The most direct, dynamical evidence for the presence of accretion disks in the
     central engines of active galaxies comes from observations of very broad,
     skewed and/or double-peaked emission lines. Examples include the Fe K
     lines observed in the X-ray spectra of Seyfert galaxies and the Balmer
     lines observed in the spectra of broad-line radio galaxies.

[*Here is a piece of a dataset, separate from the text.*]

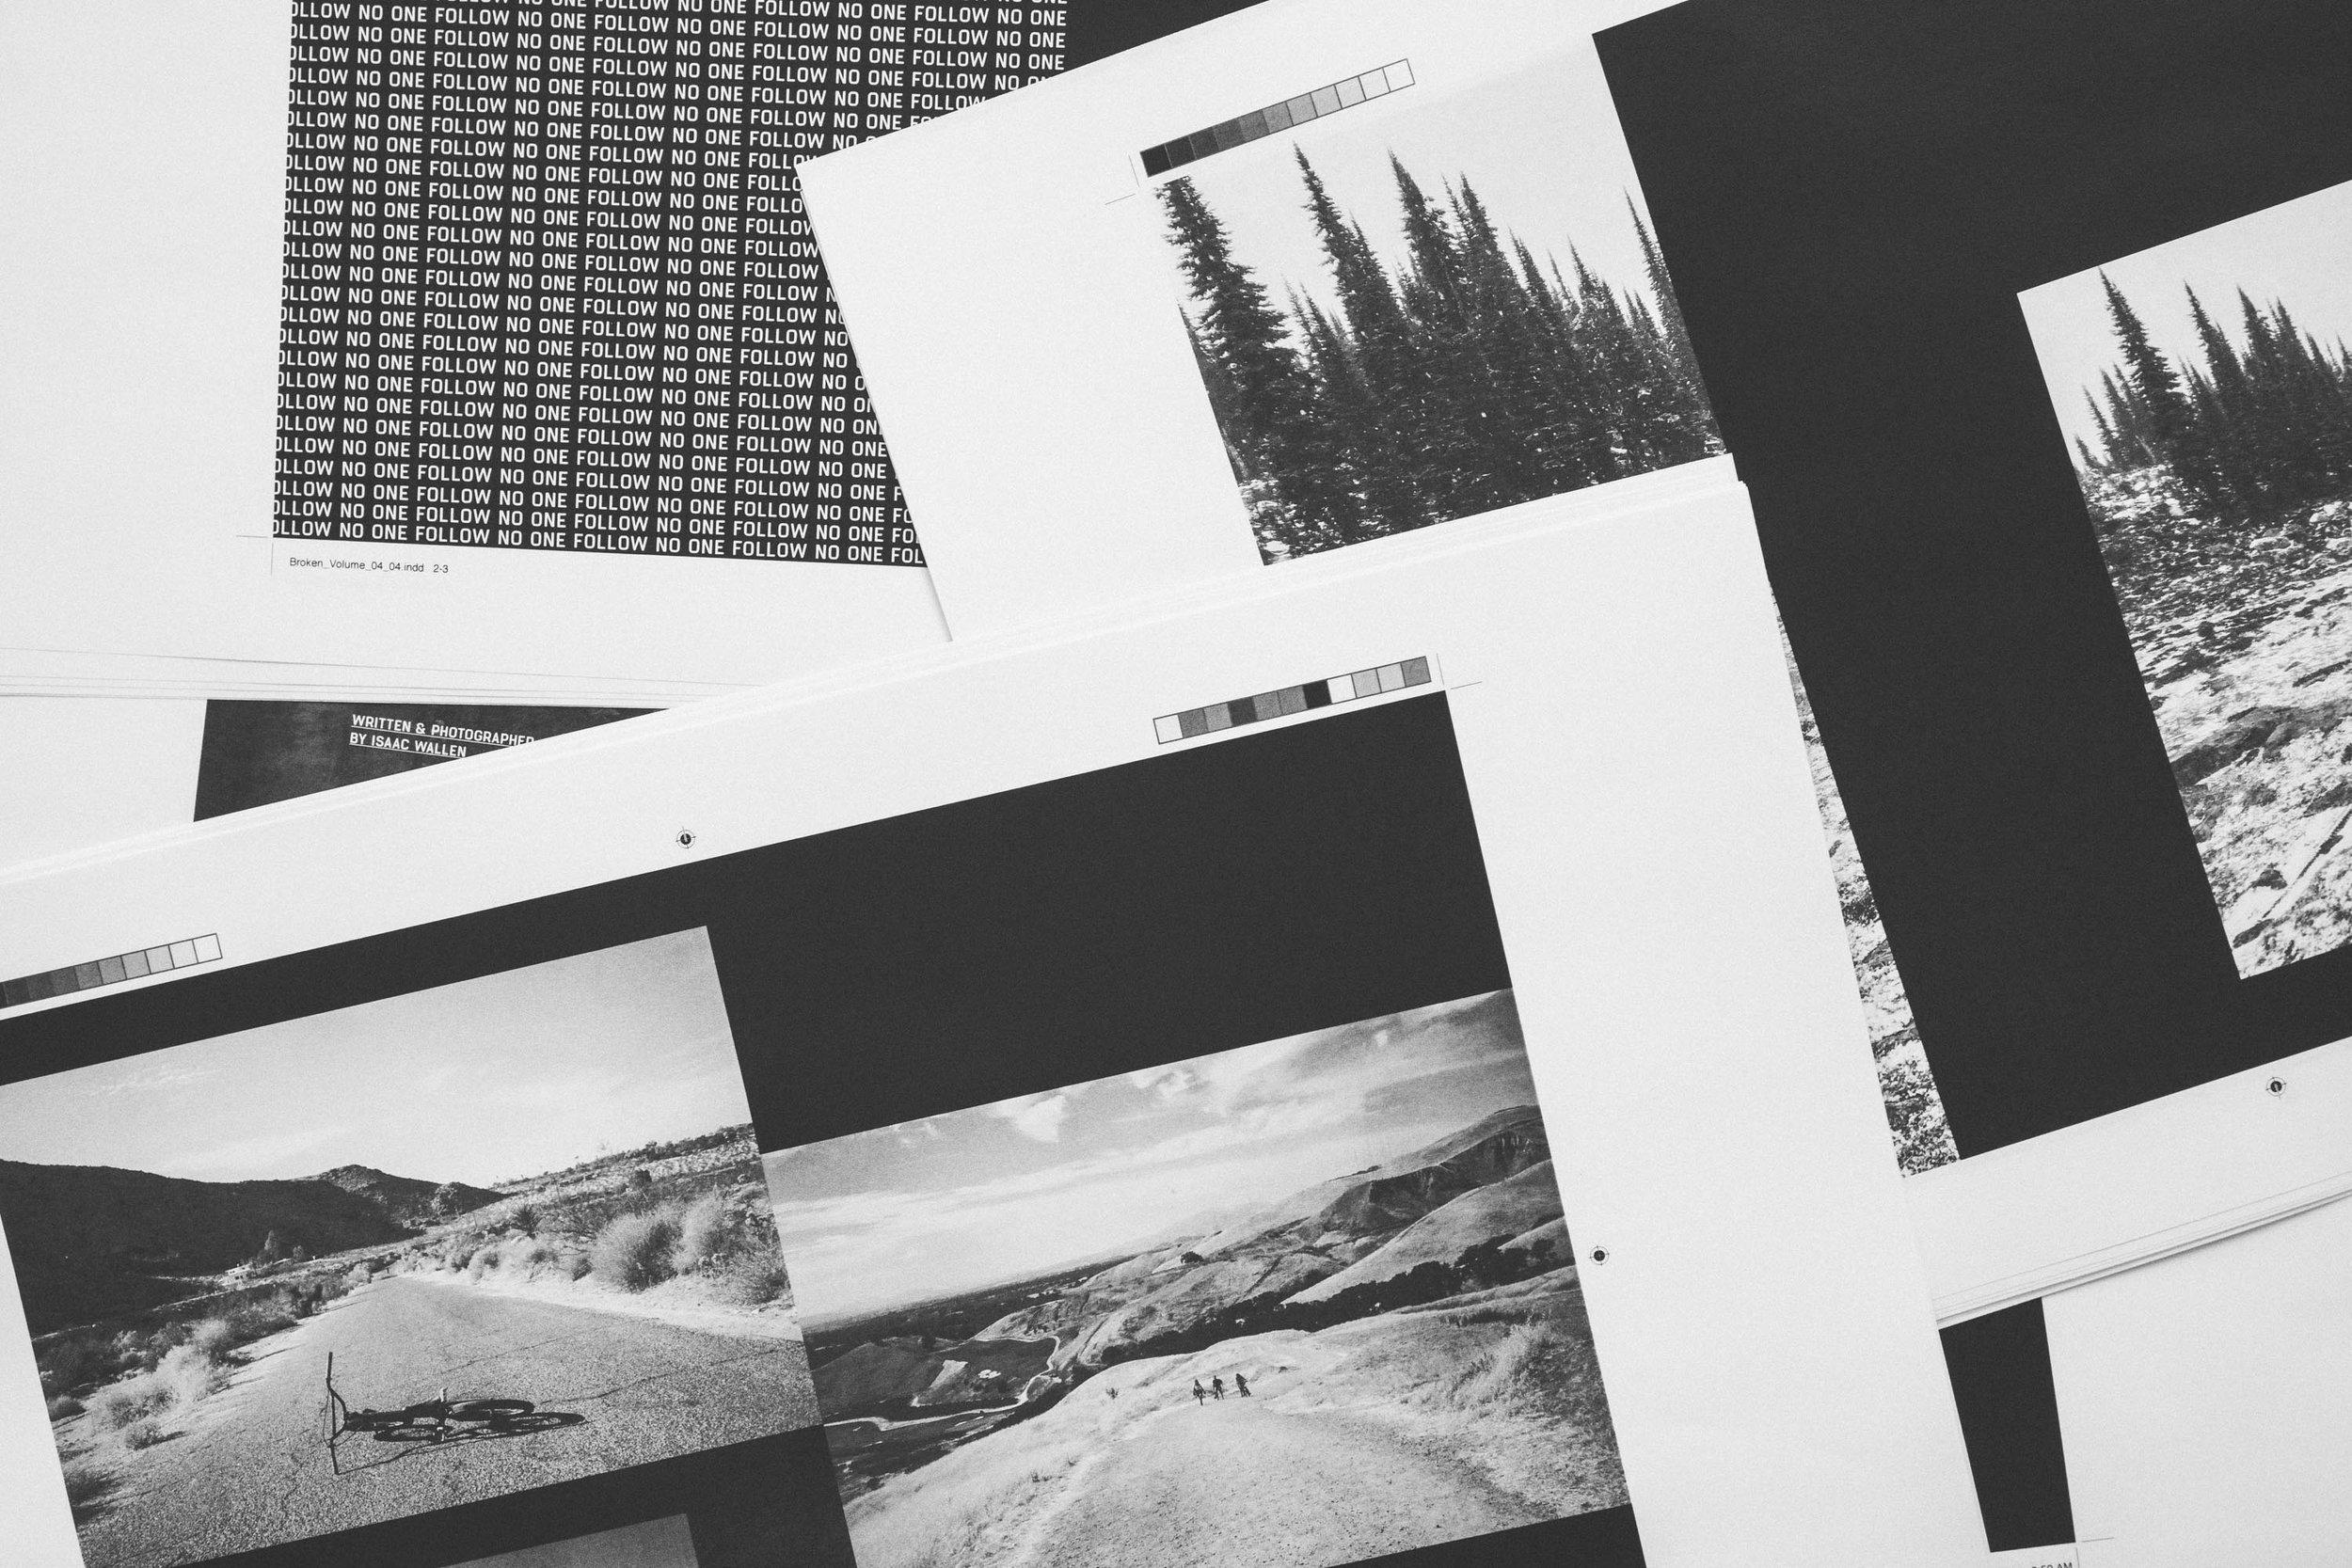 Broken_Printout_1.jpg

Although the
     origin of double-peaked Balmer lines was the subject of debate in the
     past, the observational data available today make a strong case that they
     do indeed originate in an accretion disk.

     As such they can play two very important roles (a) they can guide us
     towards a general understanding of the dynamics of the broad emission-line
     gas in all active galaxies, and (b) they serve as diagnostics of dynamical
     and thermal phenomena in the accretion disk.

     Variability of the line profiles is the means by which we extract
     information on dynamical and thermal phenomena in the disk. The dynamical
     time in the line-emitting part of the disk is expected to be about six
     months, which is much longer than the light crossing time. Thus the slow
     variations of the line profiles over time scales of a few years can be
     used to test models for the dynamical behavior of the disk. These models
     include spiral waves, elliptical disks, and interactions of the disk with
     stars or gas clouds in its vicinity.